The NBA makes the rules about when and how players can enter their league. But ti doesn't mean the colleges can do anything to negate the talent drain and give players more options than they have. They have eligibility rules, too. Here are two things the NCAA could do:
1) Allow players to get drafted without losing their amateur status. Both the NFL and NBA drafted players as undergraduates years ago and I have some old preseason magazines stating things like "when he leaves college, he'll play for the Cleveland Browns, who drafted him". Larry Bird was drafted by the Celtics before his last year at Indiana State. A player should have the option of returning to his college team, if he has eligibility left, until he actually signs a pro contract.

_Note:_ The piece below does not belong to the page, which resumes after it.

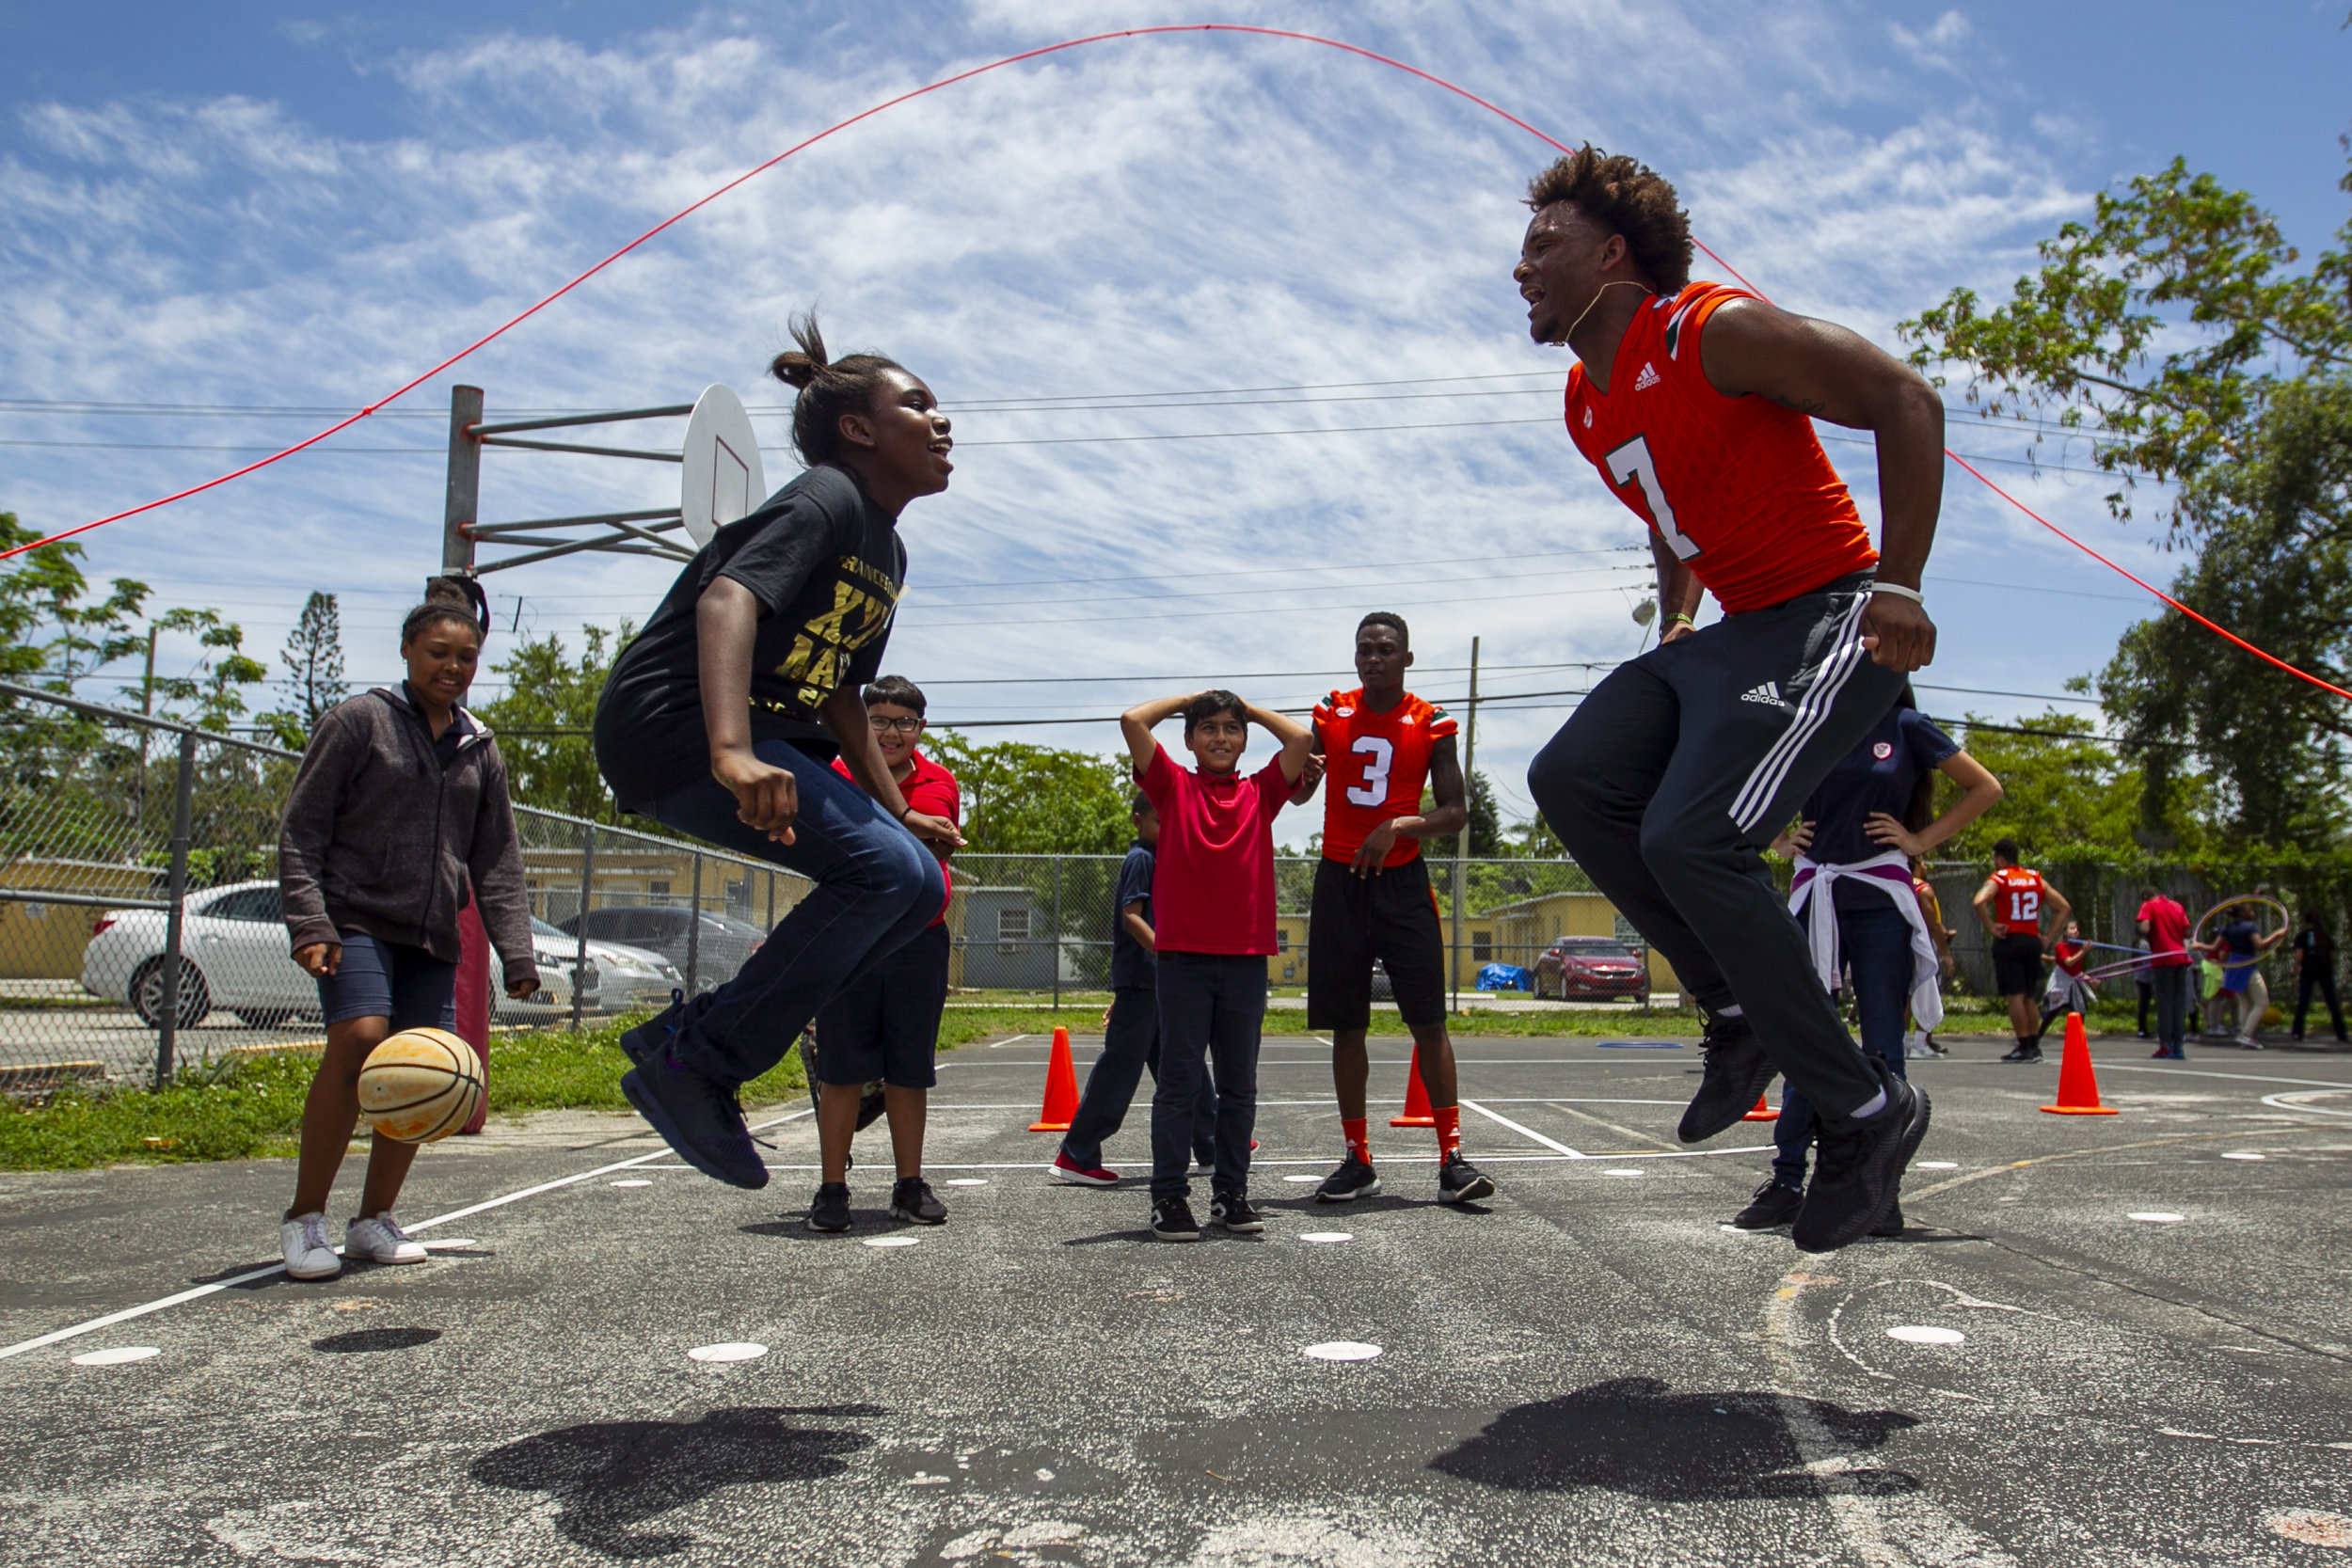  Karis Bellomy, left, jumps rope with University of Miami Hurricane player Brian Hightower (7) at Tucker Elementary School in Coconut Grove on Wednesday, May 23, 2018. The players participated in a day of community service at Tucker Elementary where

Didn't Manhattan just take back Steve Masiello as coach when the South Florida job fell through? Can we do the same for a player who didn't get drafted where he had hoped to or don't get a contract offer they like?
2) I know this is way outside the box but I still like it. If a player goes to the pros when he still has eligibility left, he should be able to come back to college at the conclusion of his contract, after he is cut, etc. to get his degree and work on his game for a second or even a third attempt to make it in the NBA. The colleges have functioned as a sort of minor league farm system for the NBA and NFL. In a farm system, guys who aren't ready yet are sent back down. Injured guys play in the minors on injury rehab. A non-athlete can leave school for a job and alter come back to get a law degree and become a lawyer. Why can't we take back guys who left early and let them play out their eligibility? We could replace Tyler Ennis with Jonny Flynn. It's not something we are used to but does that make it a bad idea?